We fight in the name of gods who died a few thousand years ago. For the sake of the pasts we have invented for them. That’s also one way of adding sense to our otherwise senseless existence. For too many people, life would be sheer unbearable agony without those gods and their invented pasts. That’s how life is. Nothing as great as it’s cracked up to be.

That’s okay too. What’s not okay is when we insist on imposing our imaginations and inventions on others too.

Next time before we go to hand over our precious ‘truths’ to the neighbour or the passer-by, it would be good to look back at one or two of the stories we invented in our own personal histories. And remind ourselves that history is also the self-delusions of not necessarily the defeated but the ordinary mortals like you and me.


[Both the pictures above are from the Garden of Five Senses in Delhi, taken about ten years ago.]

PS. This post is a part of Blogchatter Half Marathon

 

Comments

  1. Hari OM
    Memory can be fickle - but usually we have people around us to help measure the accuracy of our memories. Friends and family help to keep us honest. If we lack that support, of course it is possible to fictionalise. Generally, there is no harm to any other from this.

    Reinvention is another thing altogether, designed from self-delusion, first, and to create an illusion for others, second. In the second case, those who are affected by our illusion are betrayed and thus harmed. When talking at individual level, this is generally a result of any one or a combination of;
    simple insecurities
    an inability to cope with reality
    serious desire to appear other than one is for a variety of social reasons
    occupational need (spies etc)
    delusional mental states (medical)
    (other factors may play also - survival in war situation for example).

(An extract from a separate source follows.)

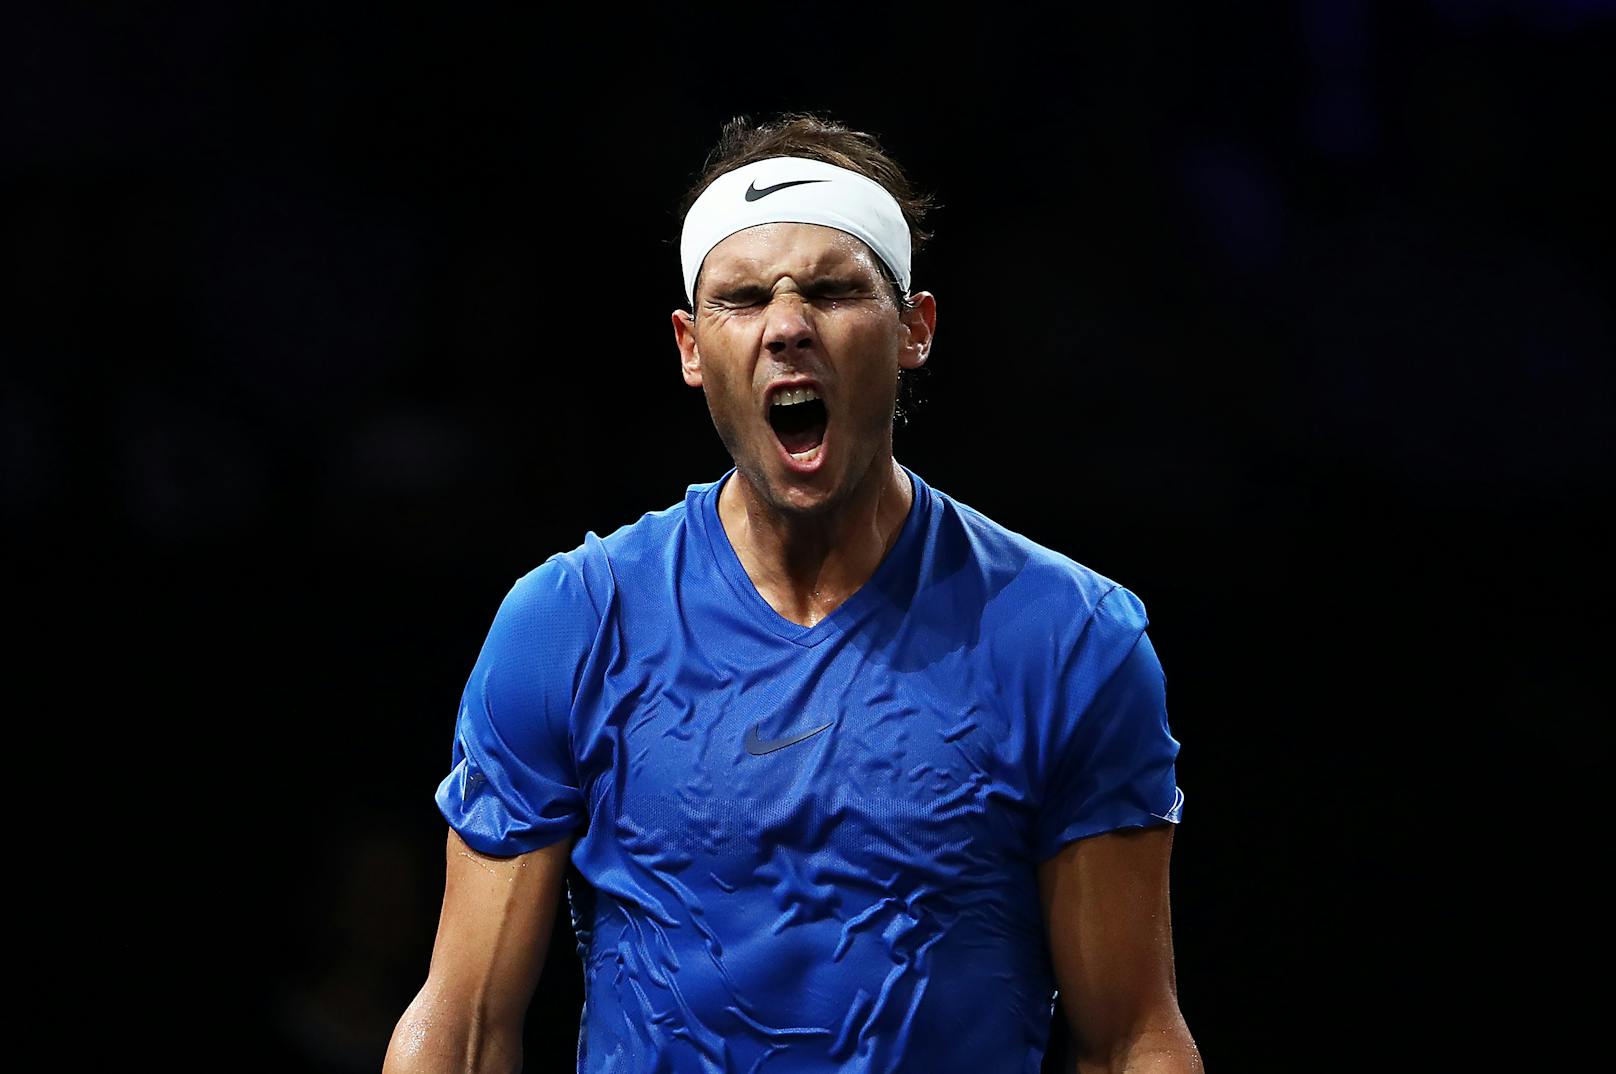 Der spanische Tennispieler Rafael Nadal schließte bereits fünf seiner Saisonen als Weltranglistenerster ab.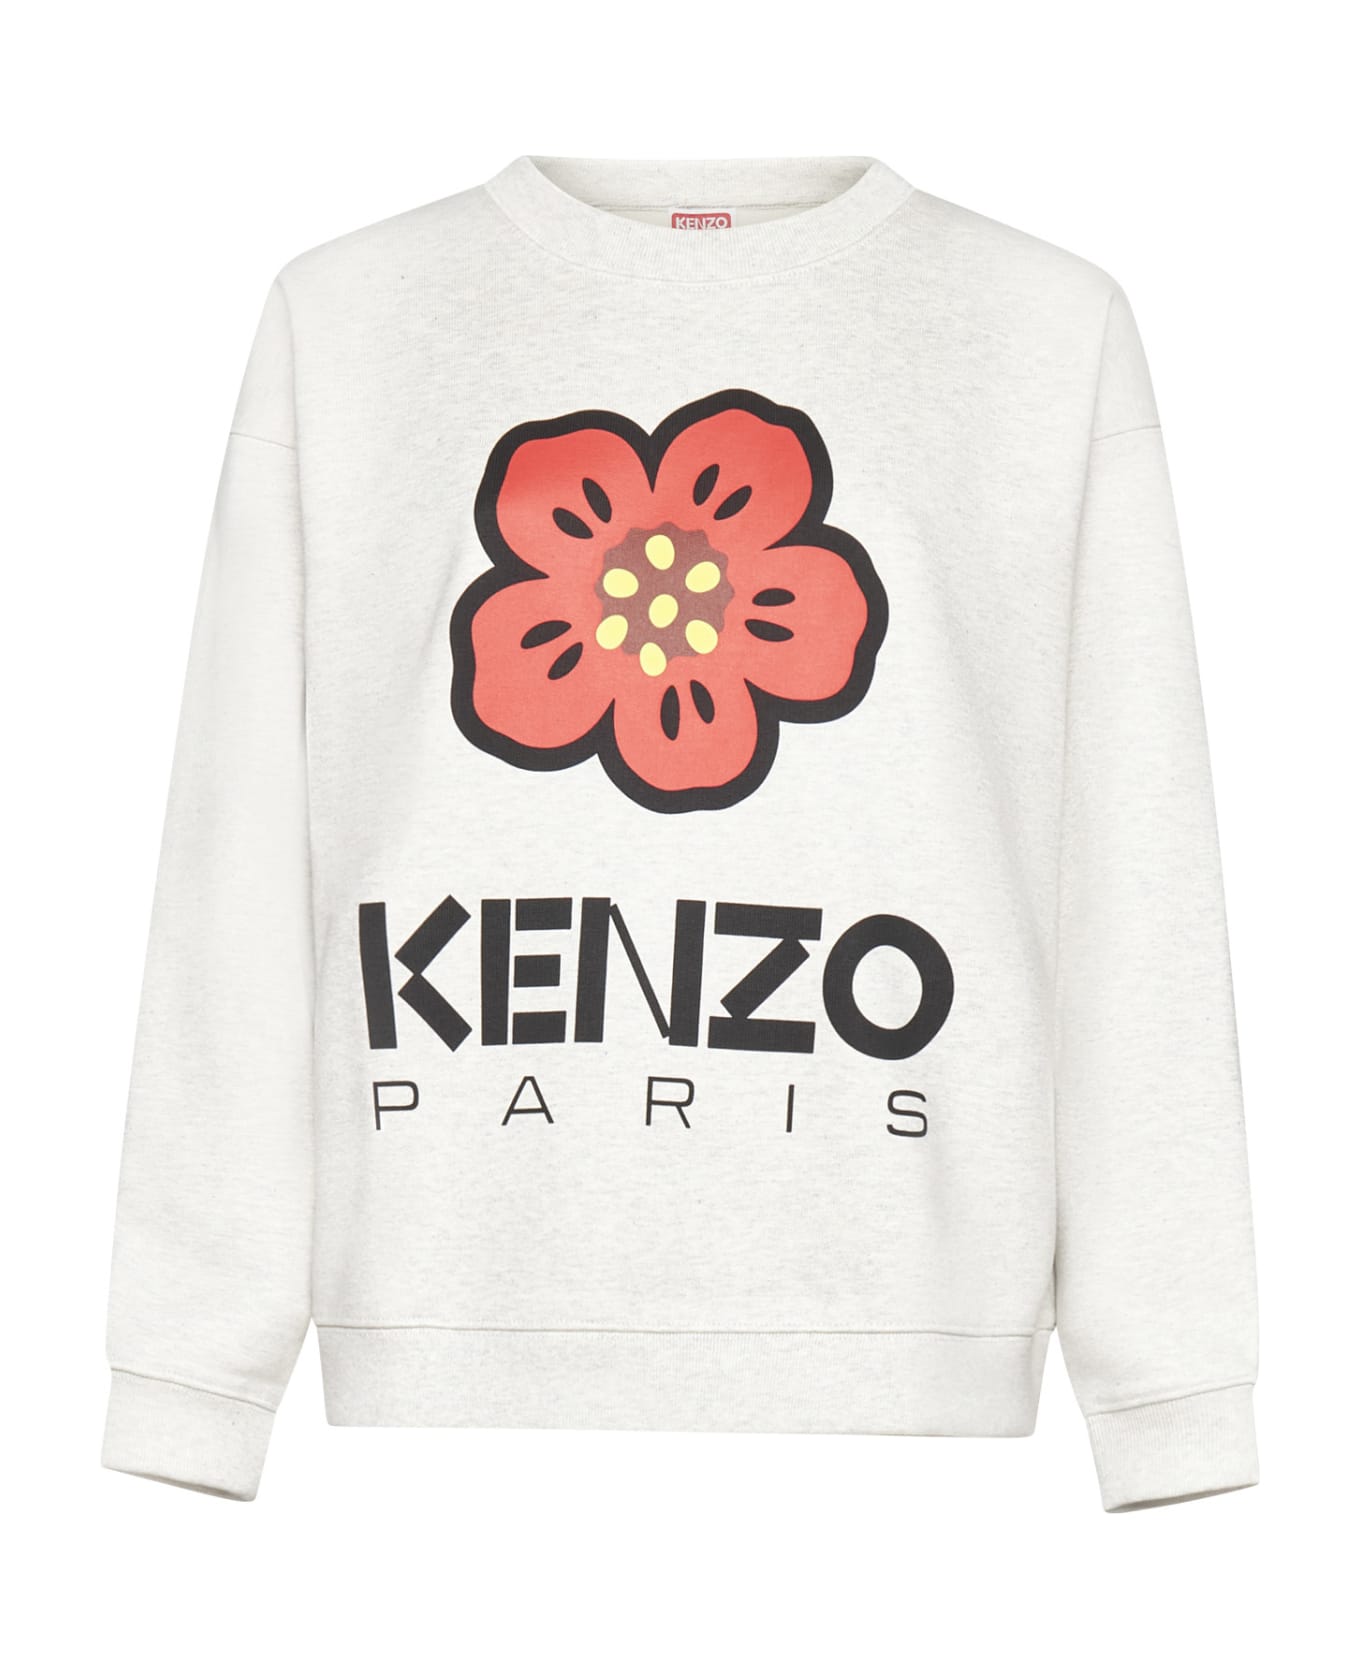 Kenzo Boke Flower Sweatshirt - Grey

    When this occurs in the public arena the harm is to society. We do live in times of mass awareness though, the truth is there to be found and history does sort that out... one is minded of Jacques Abbadie, One can fool some men, or fool all men in some places and times, but one cannot fool all men in all places and ages. (A quote that later got rearranged and without proof attiributed to Lincoln.)

    As ever, your post has caused me to think deeply and widely! Thank you for the delightful images of the sculptures. YAM xx

    ReplyDelete
    Replies
    1. Thank you for adding a lot more to my post. I am worried about the reinventions happening in my country. They are insidious, to say the least.

      Delete
  2. Do we ever do anything but build stories on our own beliefs and continue to assert the same on generations to come. Your posts are worth pondering upon and offer such a wide range of perspectives..i am reading Black Hole at the moment. Just started.

    ReplyDelete
  3. Replies
    1. Not for all. How reliable? Try asking a few friends about certain events of the past and you'll be surprised.

      Delete
  4. All your writings are food for thought and have so many perspectives. The reality hits hard. This is one such piece that compels the readers to ponder upon.

    ReplyDelete
  5. What am I if not the sum total of my memories? I wonder.

    Like Yamini mentioned above, our family and friends can be good quality checks (if we are lucky enough to have them.) A lot of my childhood memories are based on the collective sharing of my family about what I used to do/say as a child.

    Your point about the expensive statue brings home the appalling and sad state of affairs in India. All that money!!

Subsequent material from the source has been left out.